Sudanese educator and women's rights activist

Fatima Talib (فاطِمة طالِب, born 1 January 1928) is a Sudanese educator and women's rights activist who convened the first women-only organisation in Sudan.

== Activism ==
In 1948, with her friends and colleagues at Gordon Memorial College, Mahasin Abed Alaal and Khalda Zahir, Talib founded the Young Women's Cultural Society (Jam'ee'yat alfata'yat althaqa'fia) in Omdurman. The society was designed to educate and empower women and provide social support for them. In order to function, the society needed the support of the British authorities, so was advertised solely as a social concern, however it had political undertones. Nine women joined immediately, but the society only lasted for two years. Despite its short life, it is important as it was the first women-only organisation to be established in Sudan.

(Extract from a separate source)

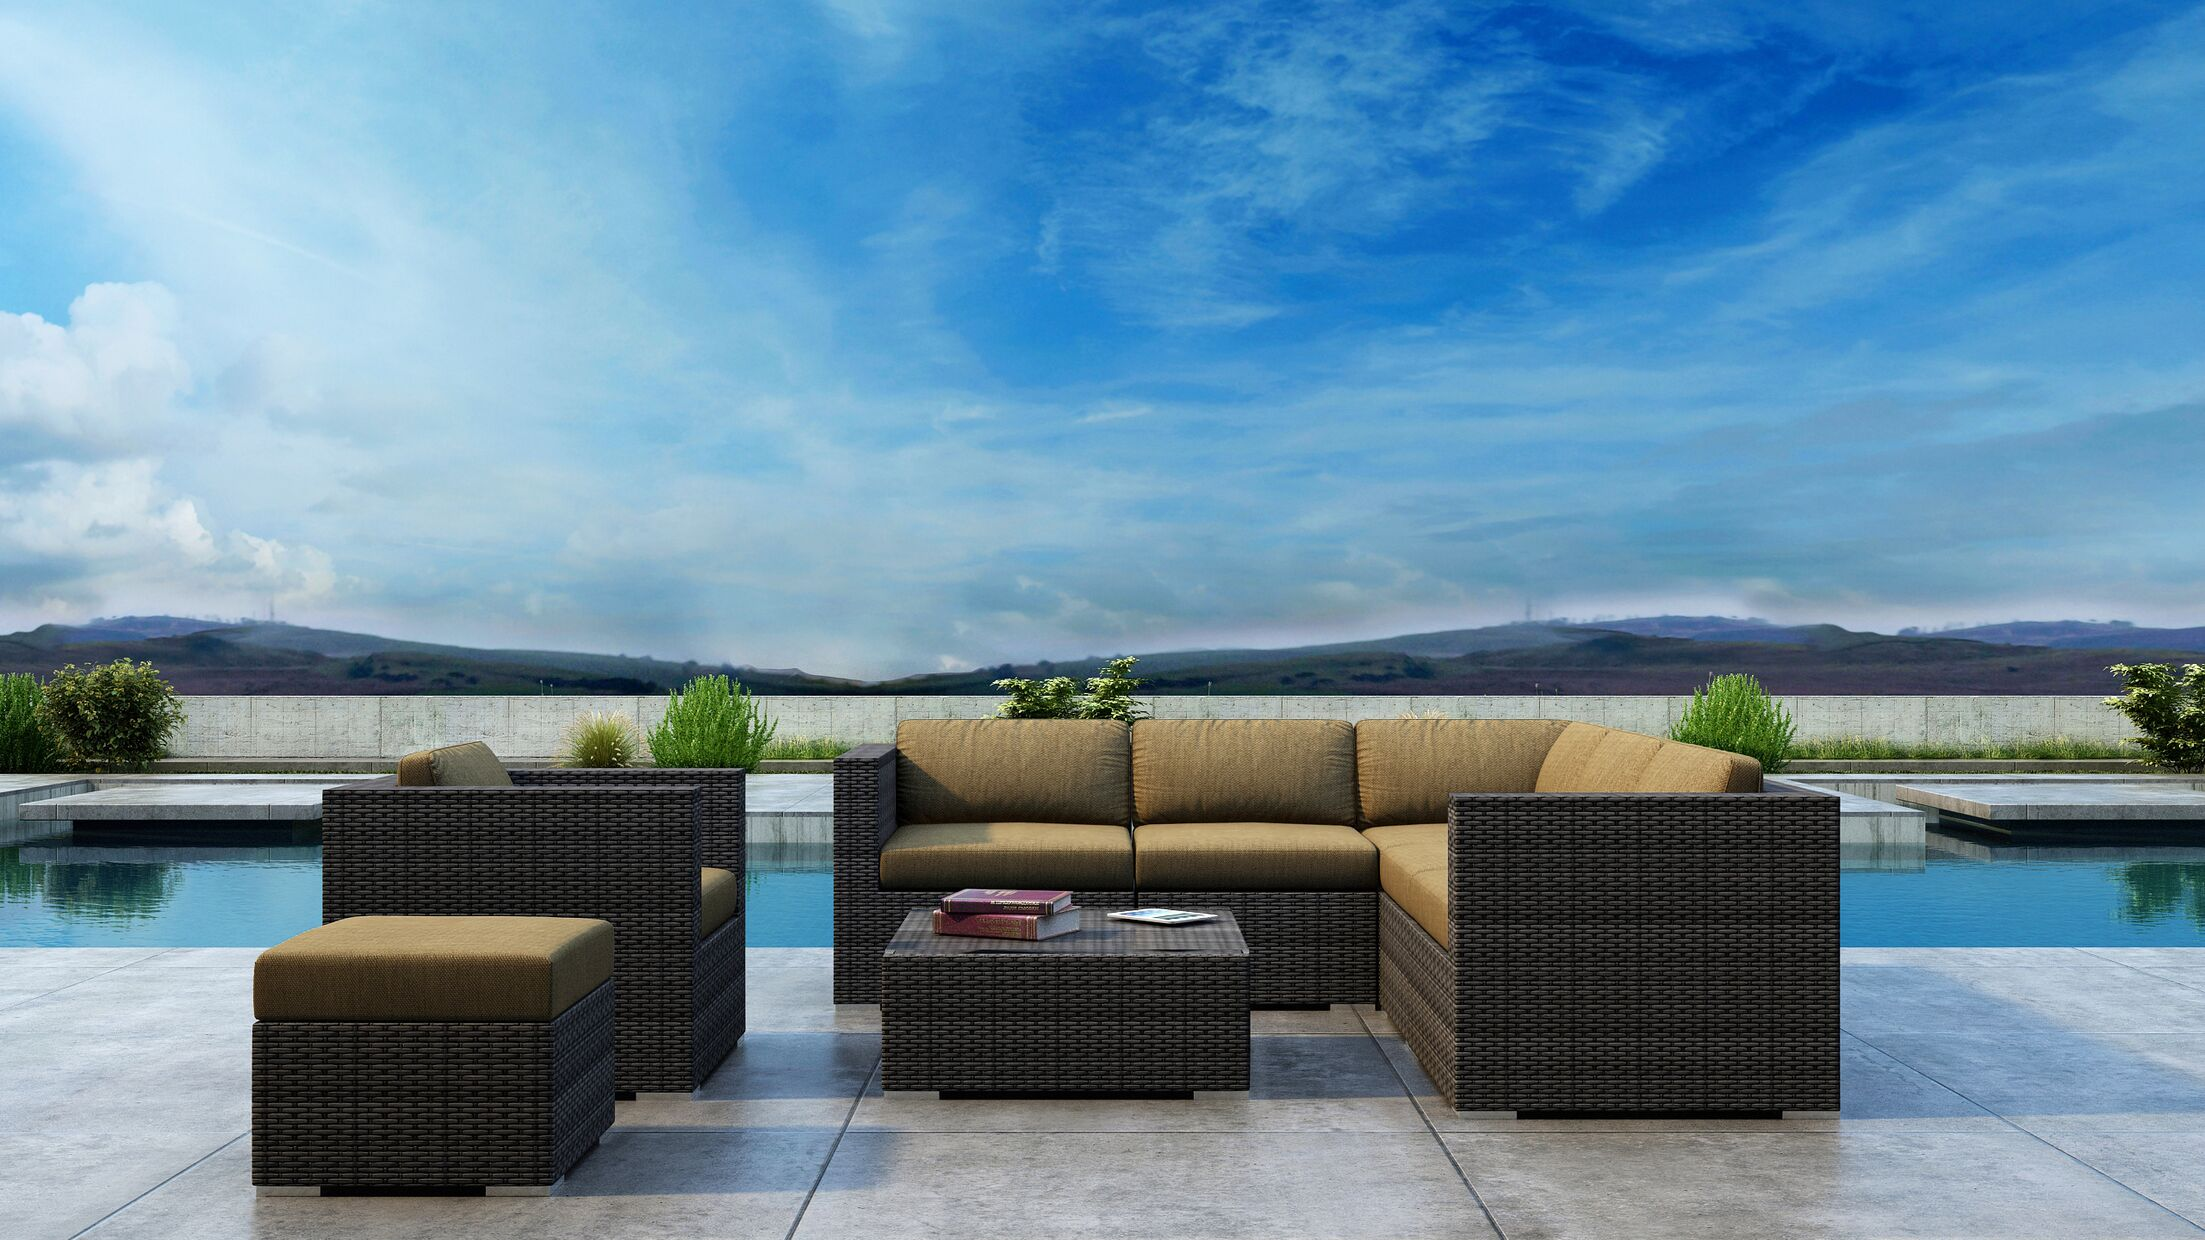 Gilleland 8 Piece Sectional Set with Sunbrella Cushion Cushion Color: Heather Beige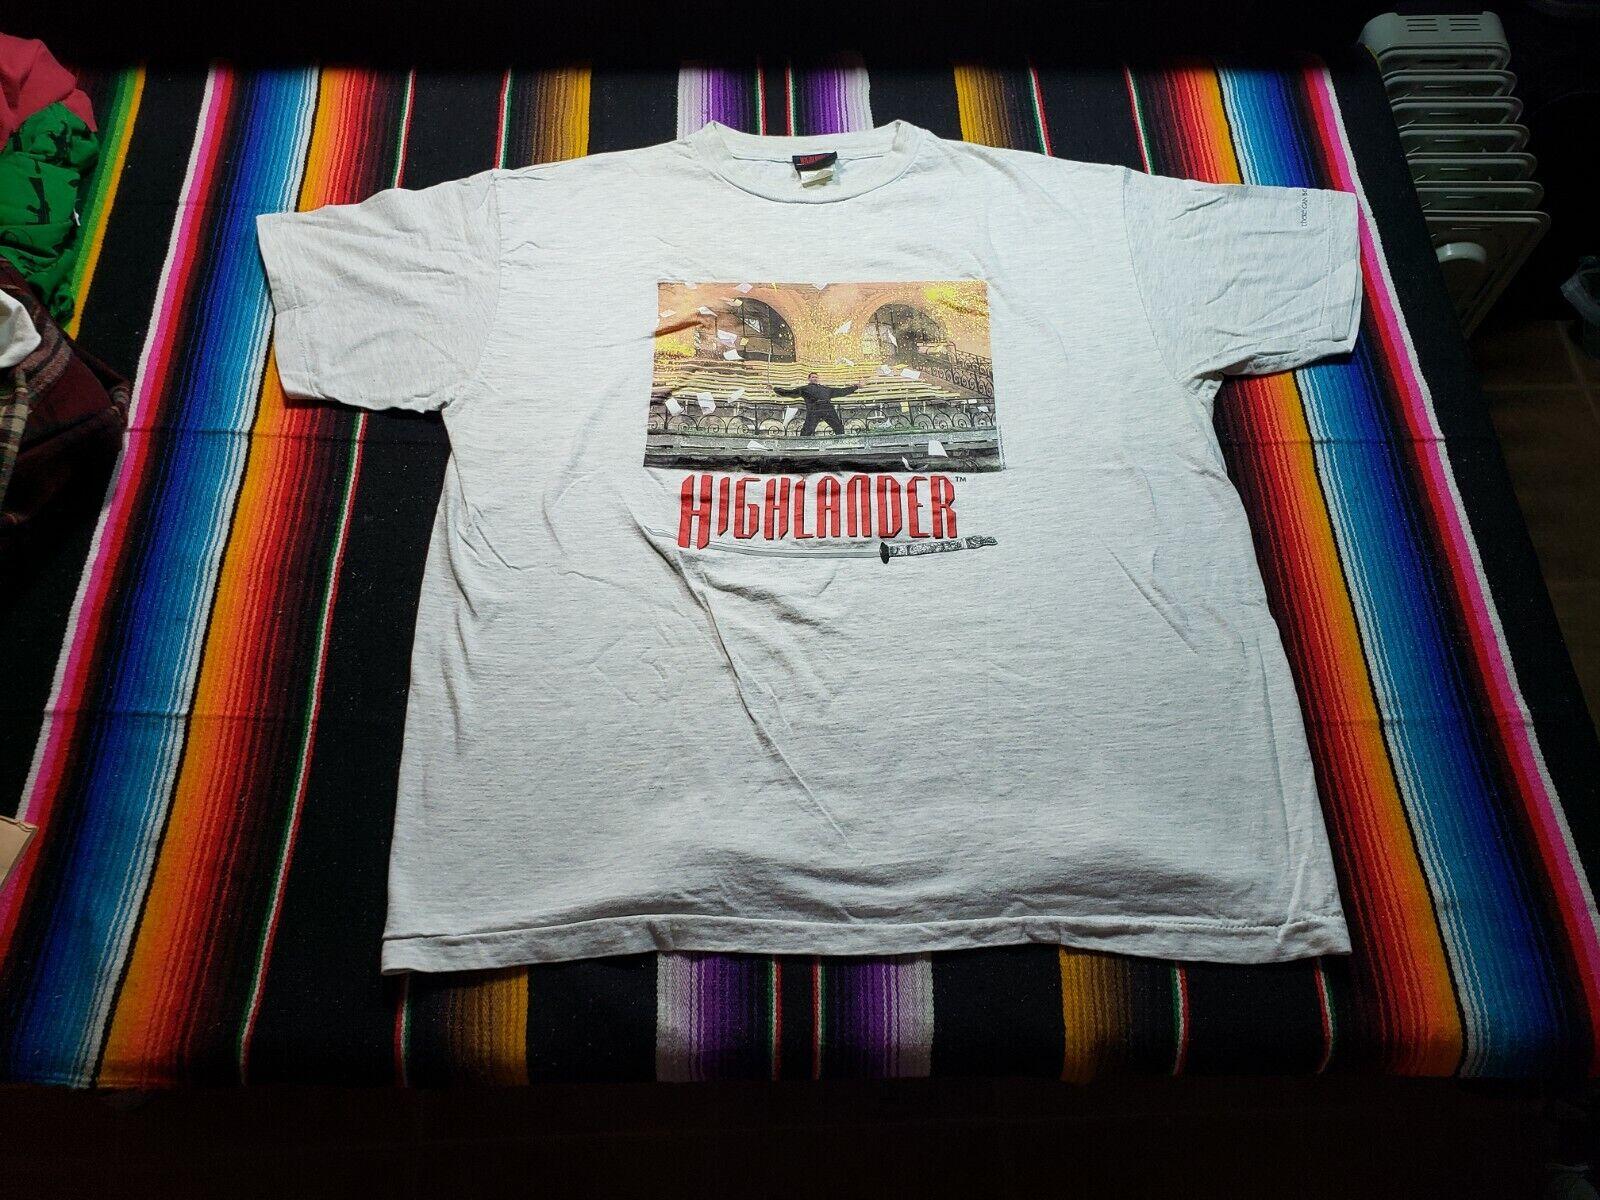 1997 Friends /'Central Perk/' vintage single-stitch grey t-shirt

In 1949, Talib became the first female member of the Muslim Brotherhood. She was joined by sisters from the Al-Mahdi family and together they founded the Women’s Development Society.

In 1952, with Khalda Zahir, Hajja Kashif Badri, and others, Talib founded the Sudanese Women's Union (الاتحاد النسائي السوداني al Etihaad al Nisaa'i alSudani). This organisation was designed to unite and promote women's issues. The first executive committee was made up of Fatima Talib Isma'il, Khalida Zahir and Fatima Ahmed Ibrahim. Talib was President of the Union from 1952-6. The establishment of the Union was one of the most important events in the struggle against colonialism in Sudan. It enabled women to mobilise to understand and protect their social, economic and civil rights. It was set up under pan-Africanist and socialist ideologies.

== Early life ==
Talib was born on 1 January 1928 in Al-Rank, in southern Sudan. Her father was an army officer who was one of the leaders in the 1924 revolution. She was educated at Unity High School in Khartoum and from there was the first woman from Sudan to obtain a degree London University.

== Career ==
Talib was the first woman in Sudan to become the headmistress of a secondary school. During her career she worked in Yemen, delivering plans for women's education. In 2004, Talib was interviewed about her role in Sudanese feminism.